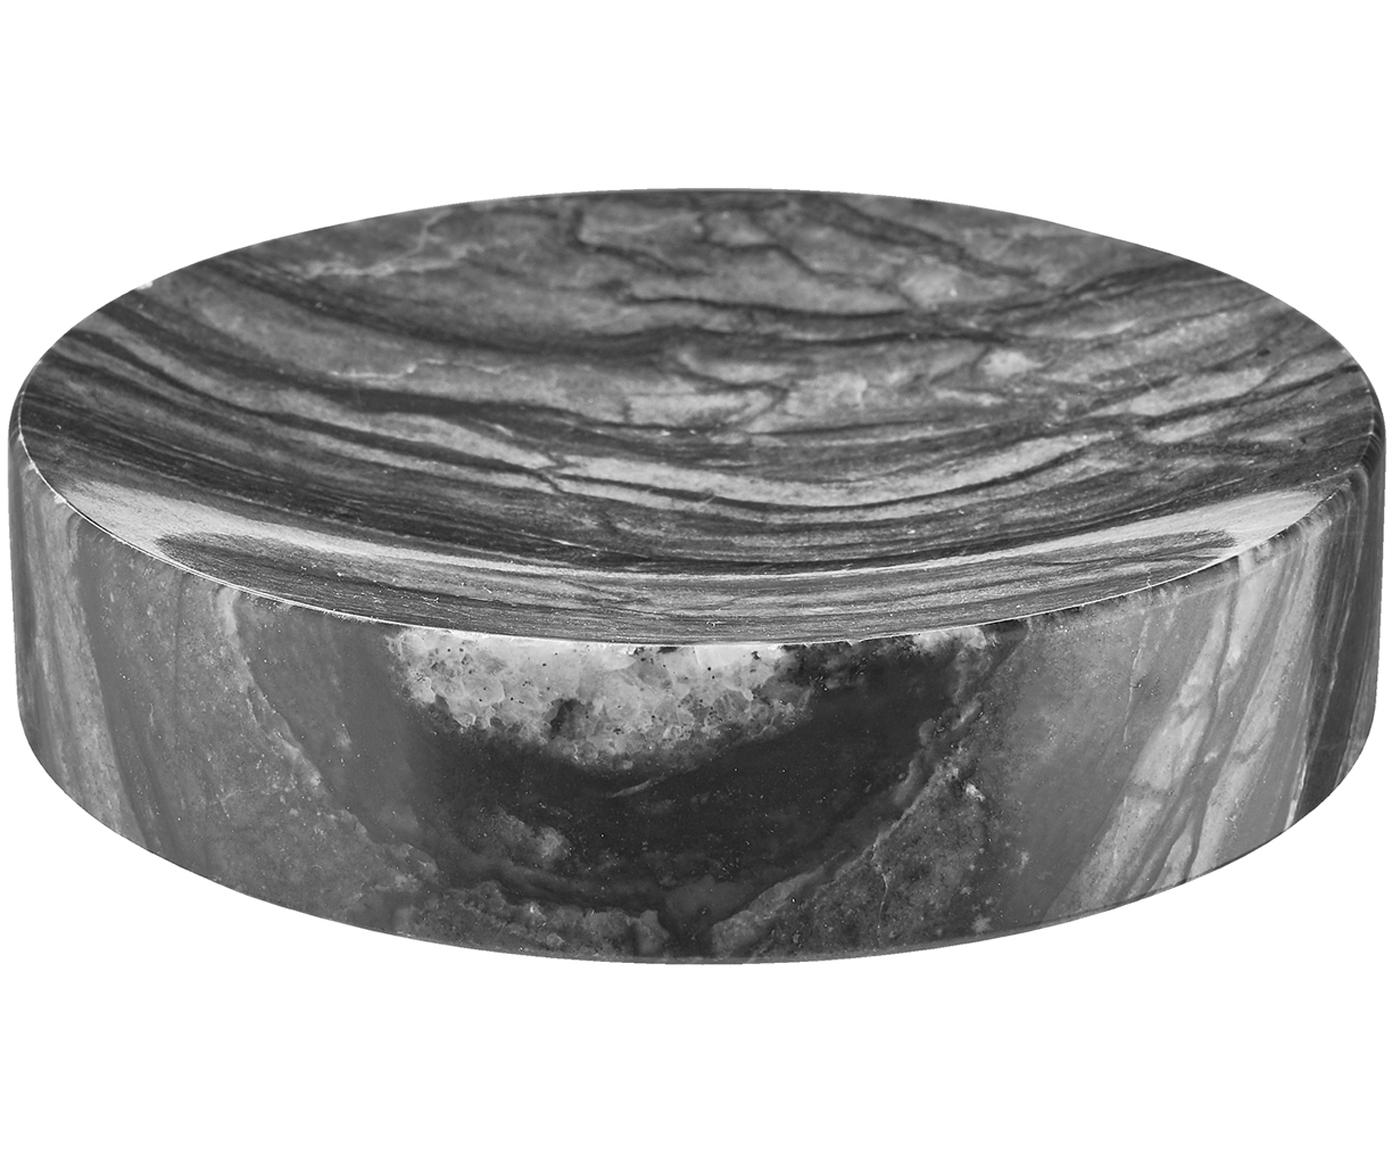 Zeepbakje Teren, Marmer, Zwart, Ø 11 x H 3 cm
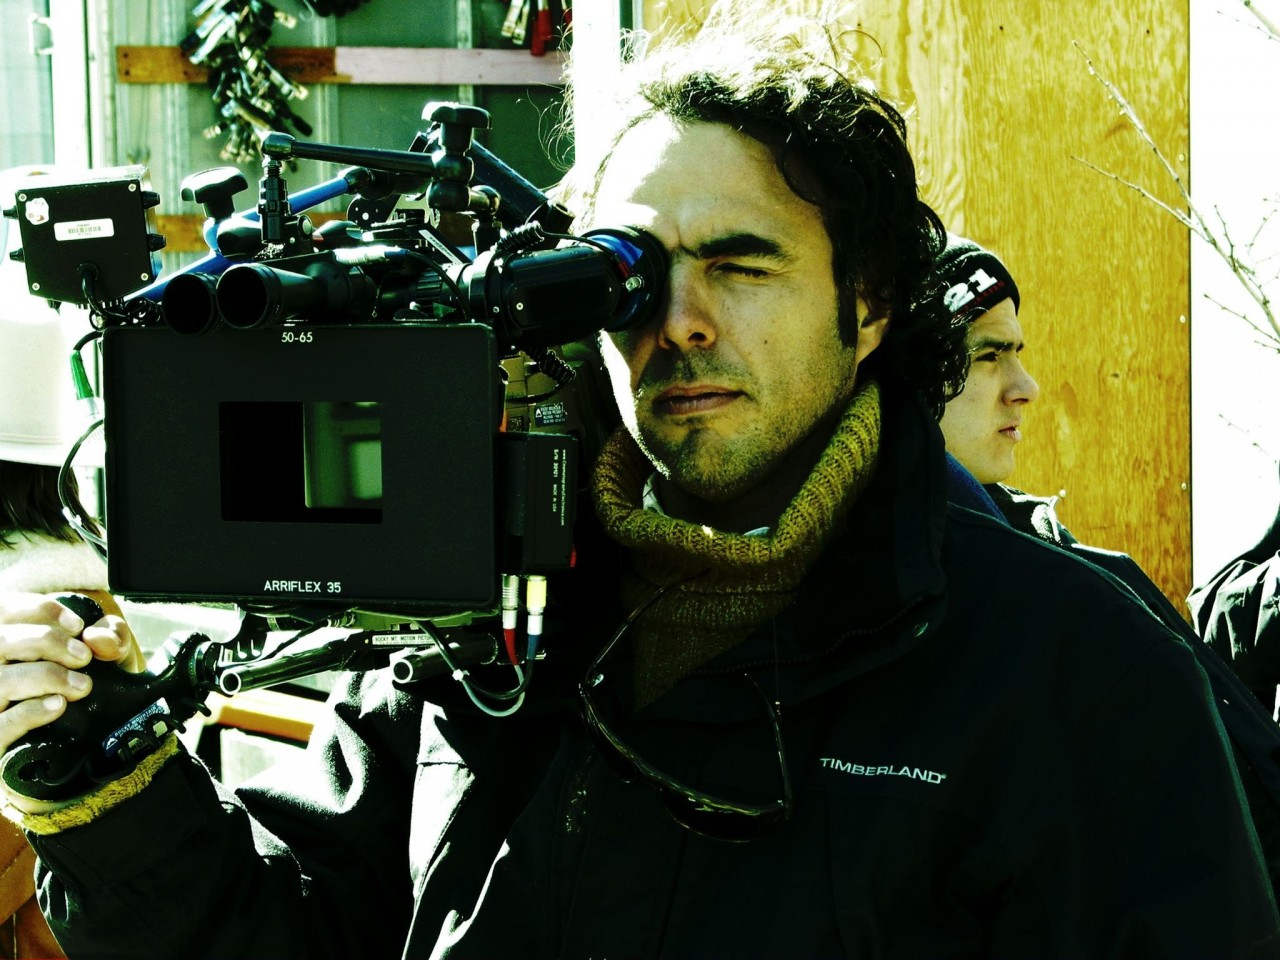 Алехандро Гонсалес Иньярриту на съёмках фильм «21 грамм», 2003
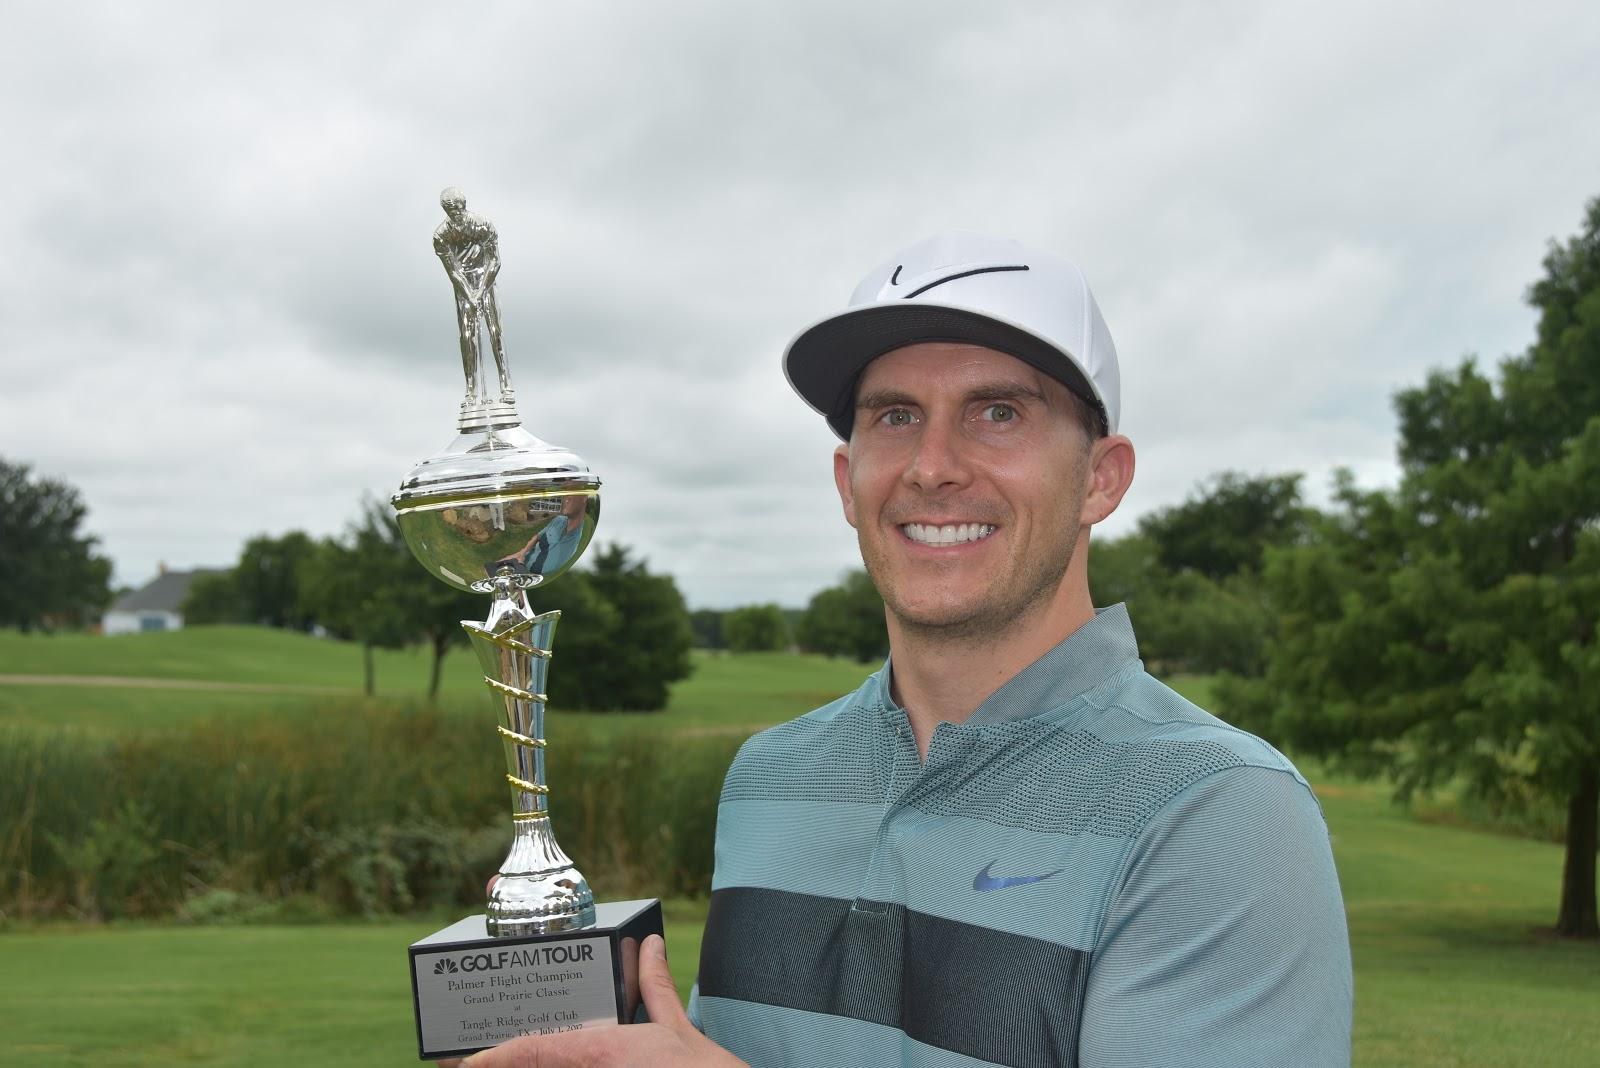 Consider, that Waco texas amateur golf
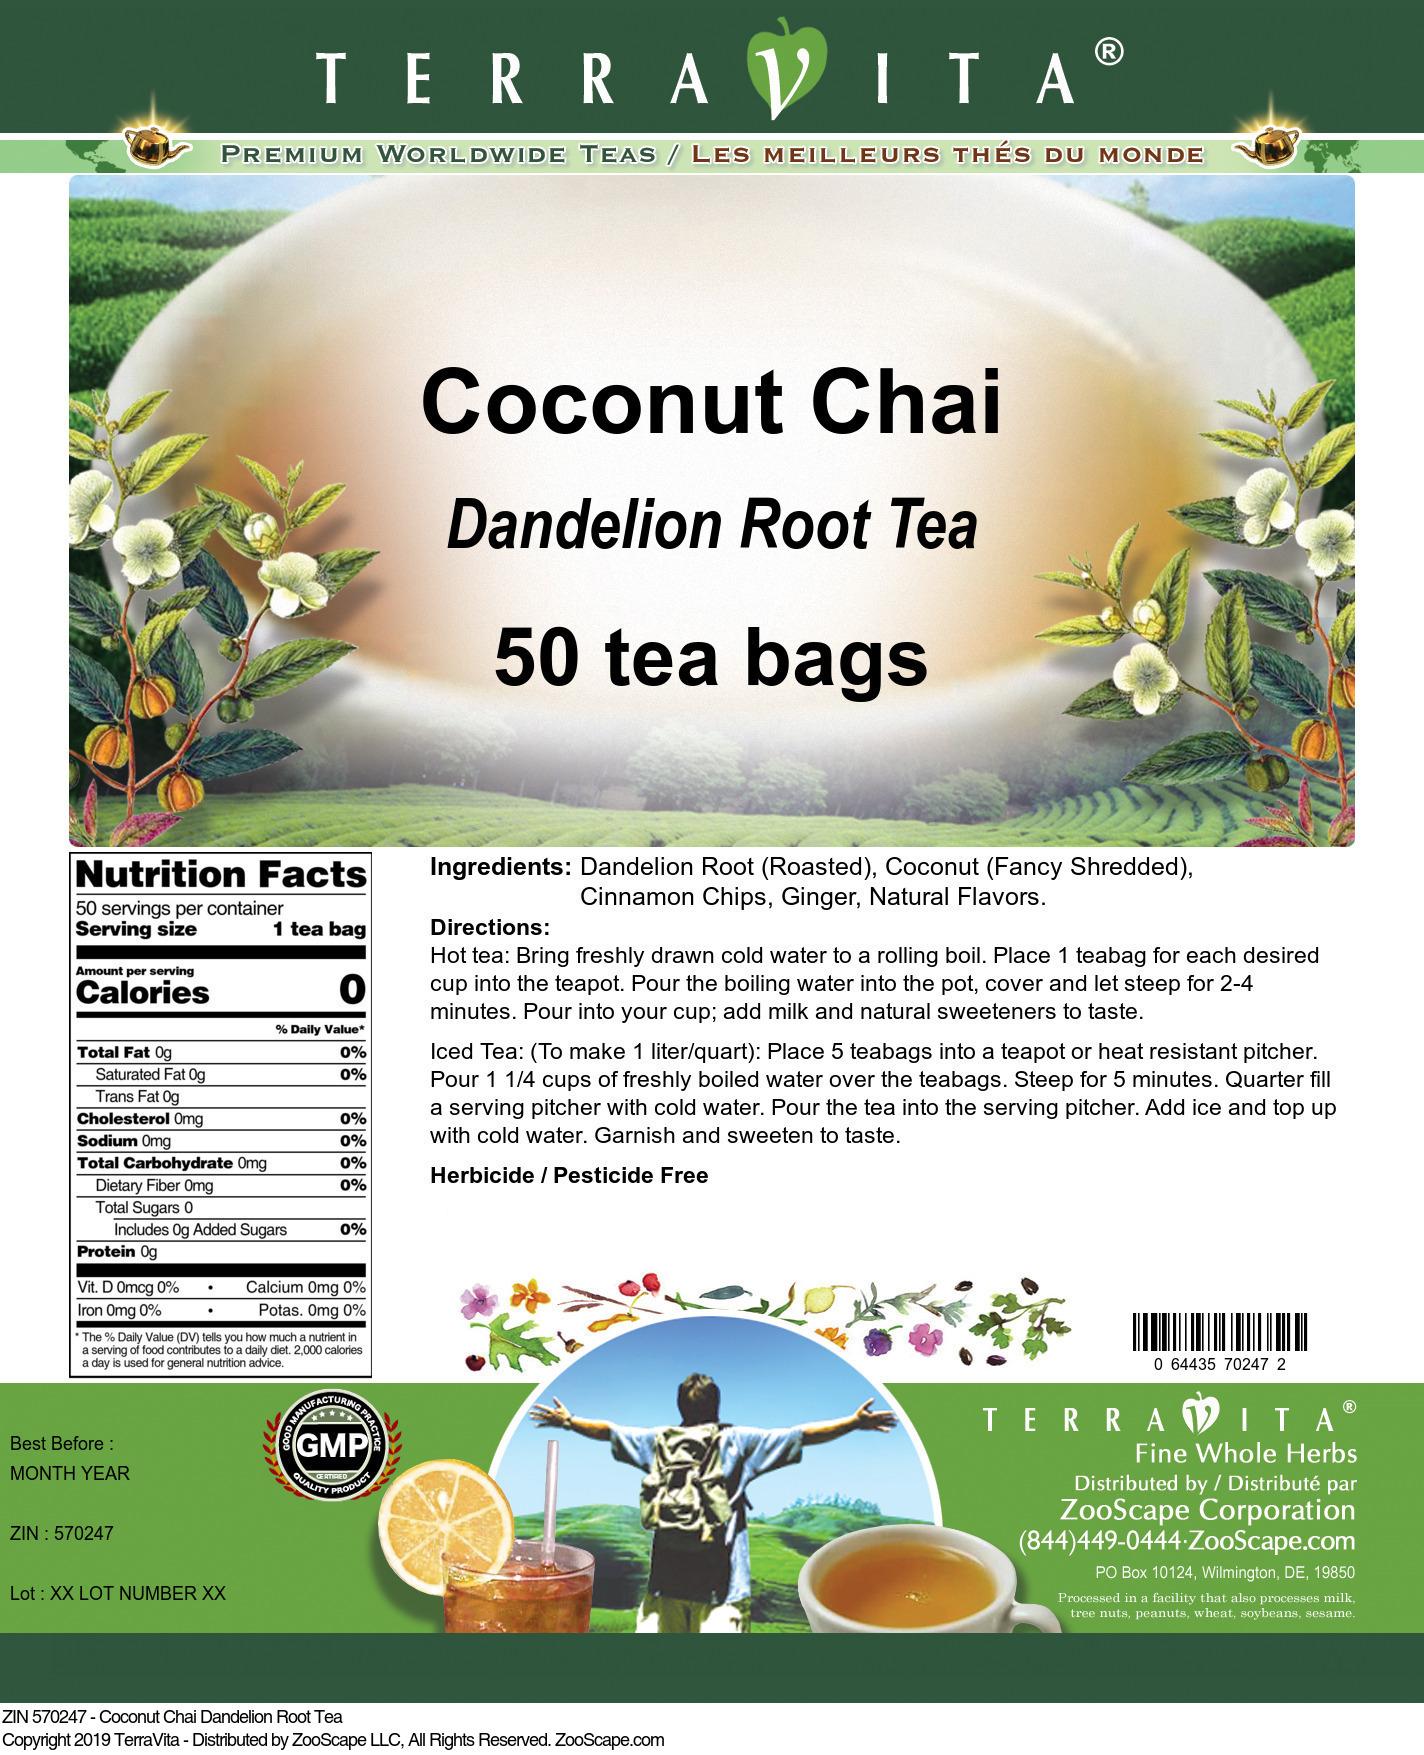 Coconut Chai Dandelion Root Tea

···

§ WHAT YOU SHOULD DO:
Each line above has to be returned exactly. Drop the pictures.

§ EXERCISE ANSWER:
 Zeepbakje Teren, Marmer, Zwart, Ø 11 x H 3 cm
 Алехандро Гонсалес Иньярриту на съёмках фильм «21 грамм», 2003
 Consider, that Waco texas amateur golf
 Coconut Chai Dandelion Root Tea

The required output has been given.